(THE DATA)

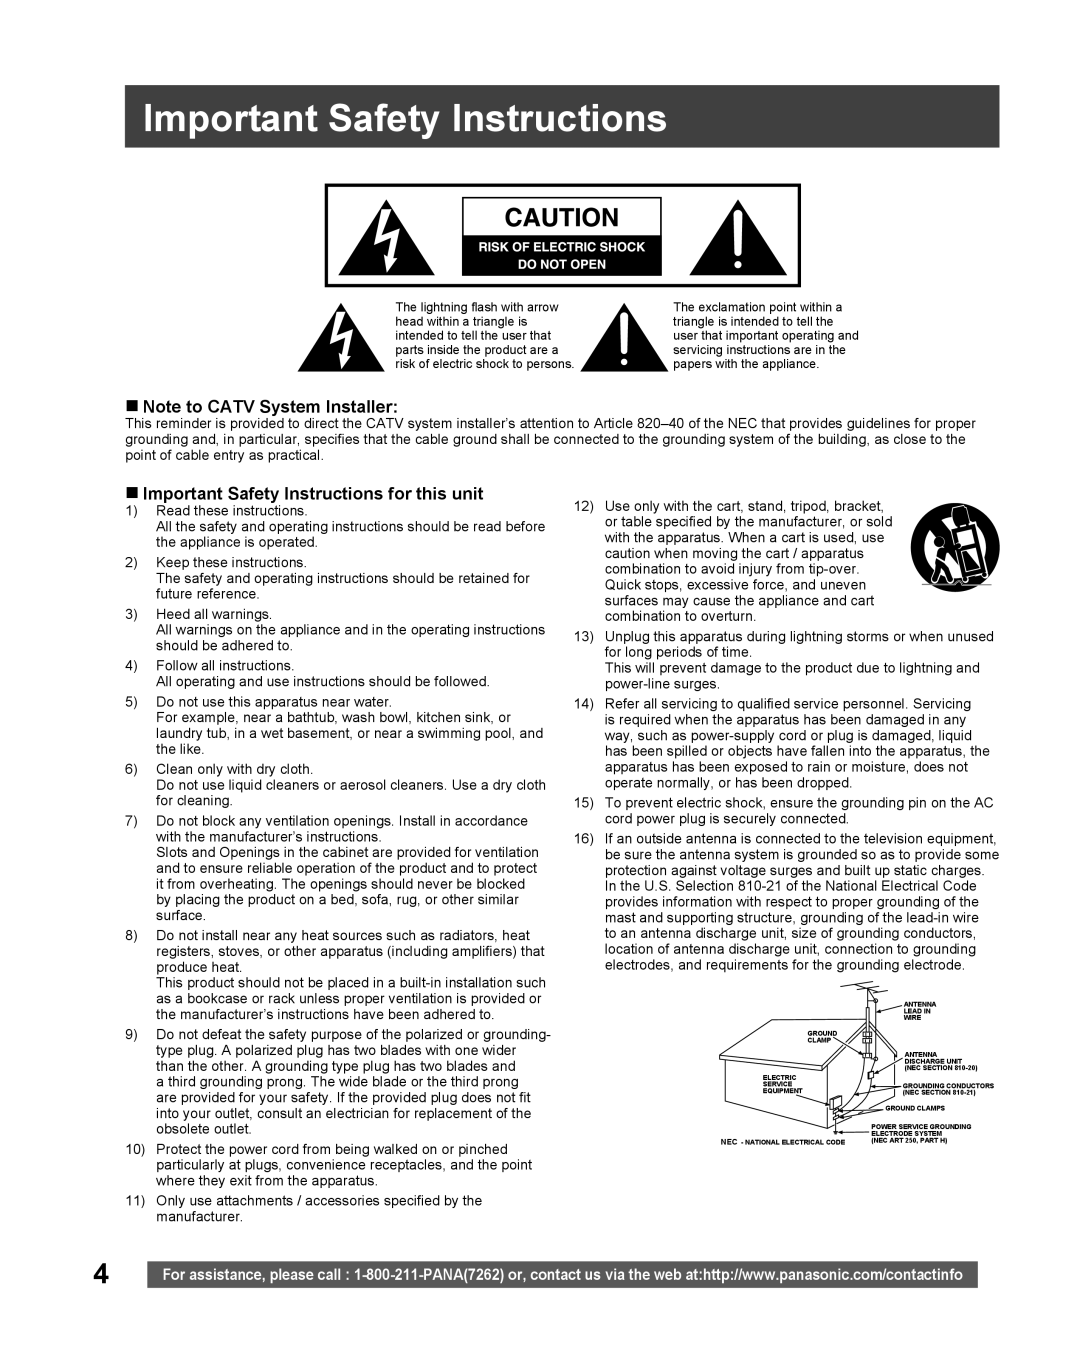 Panasonic TC 22LR30 manual Important Safety Instructions, Note to CATV System Installer 
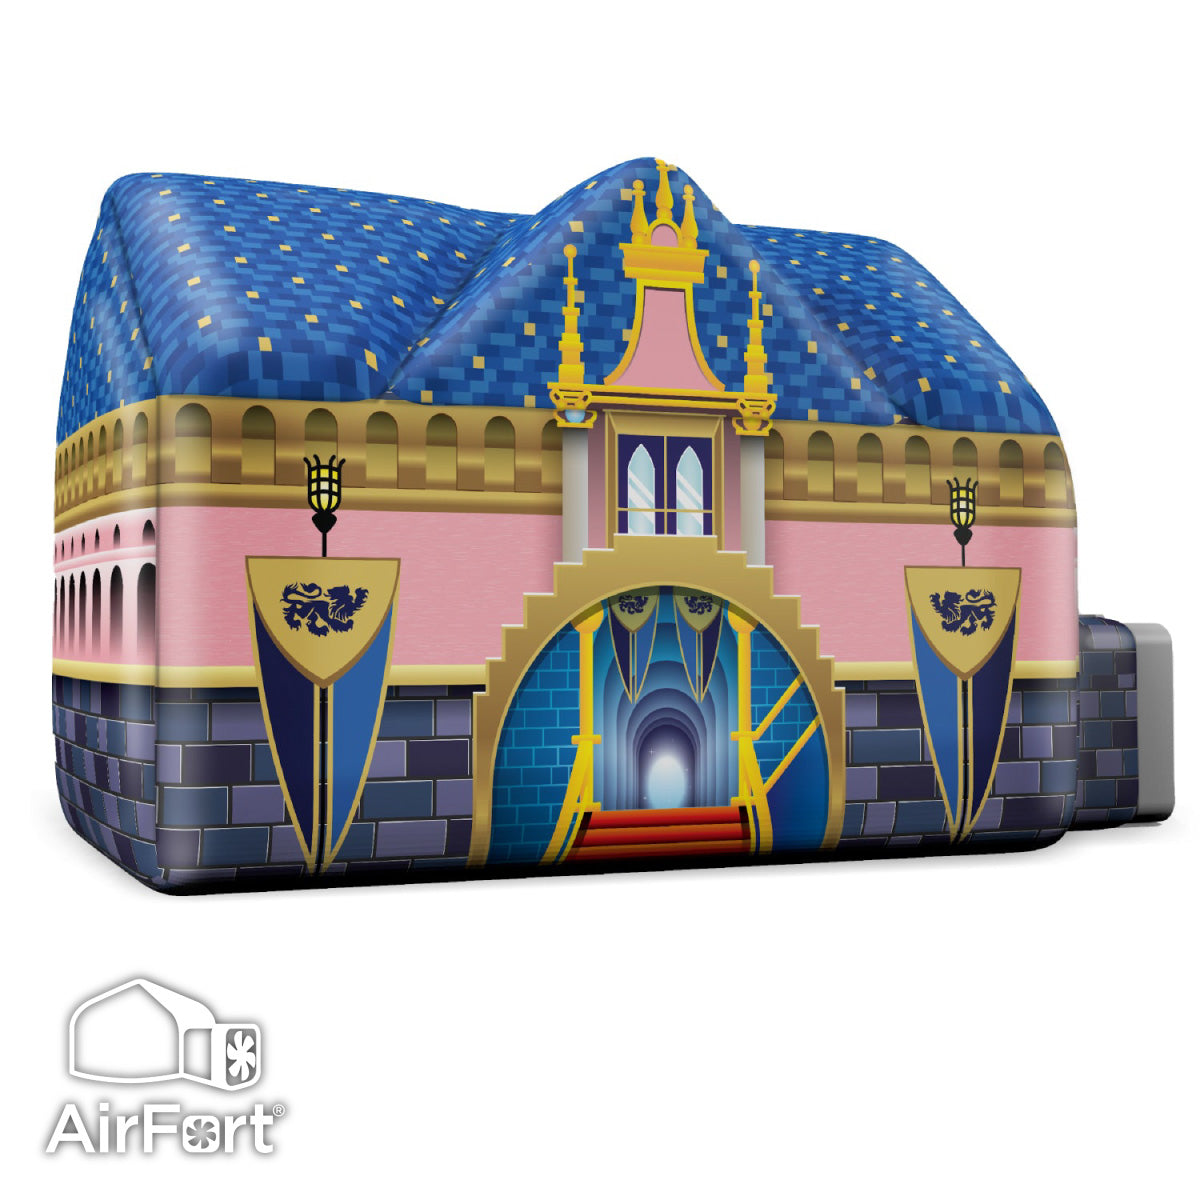 Airfort Royal Castle - Pink
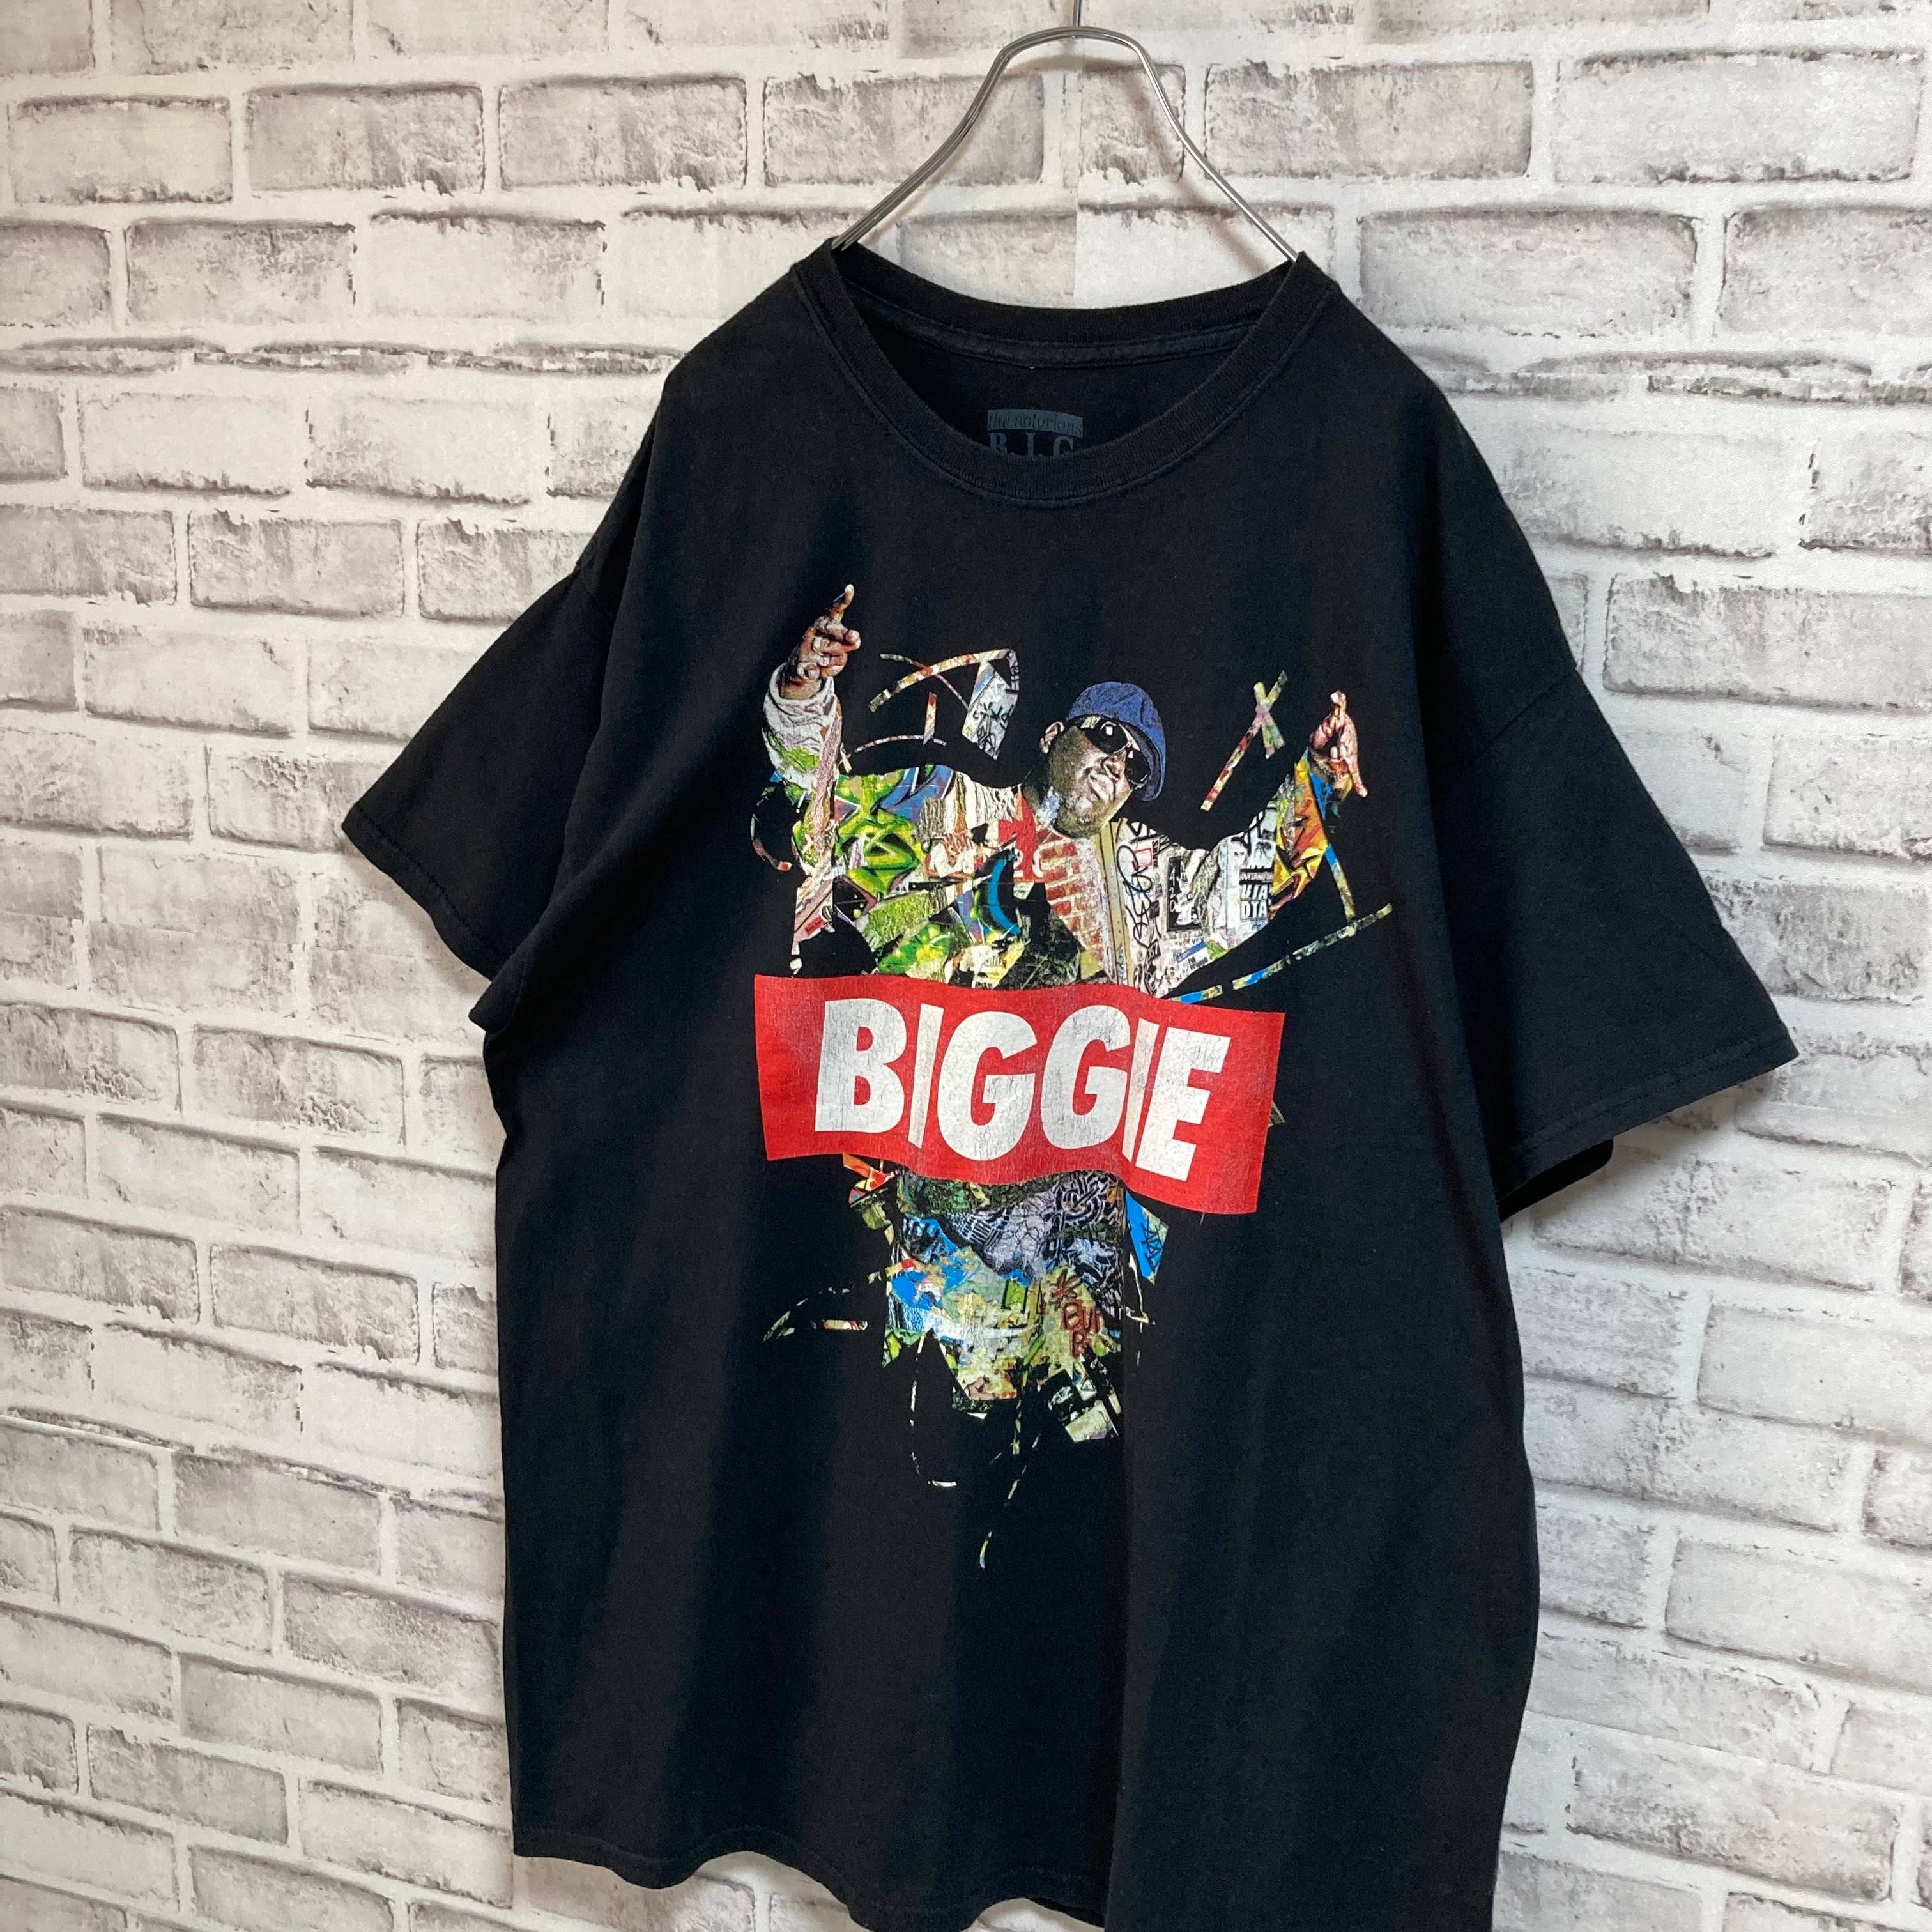 【notorious B.I.G】S/S Tee XL “BIGGIE” アーティストTシャツ ビギー ラップTee ラッパー HIPHOP  coogi Tシャツ アメリカ USA 古着

(End THE DATA)

## TRY IT
Return the material verbatim; the images are not to appear in the copy.

## TASK RESULT
 Panasonic TC 22LR30 manual Important Safety Instructions, Note to CATV System Installer 
 Airfort Royal Castle - Pink
 【notorious B.I.G】S/S Tee XL “BIGGIE” アーティストTシャツ ビギー ラップTee ラッパー HIPHOP  coogi Tシャツ アメリカ USA 古着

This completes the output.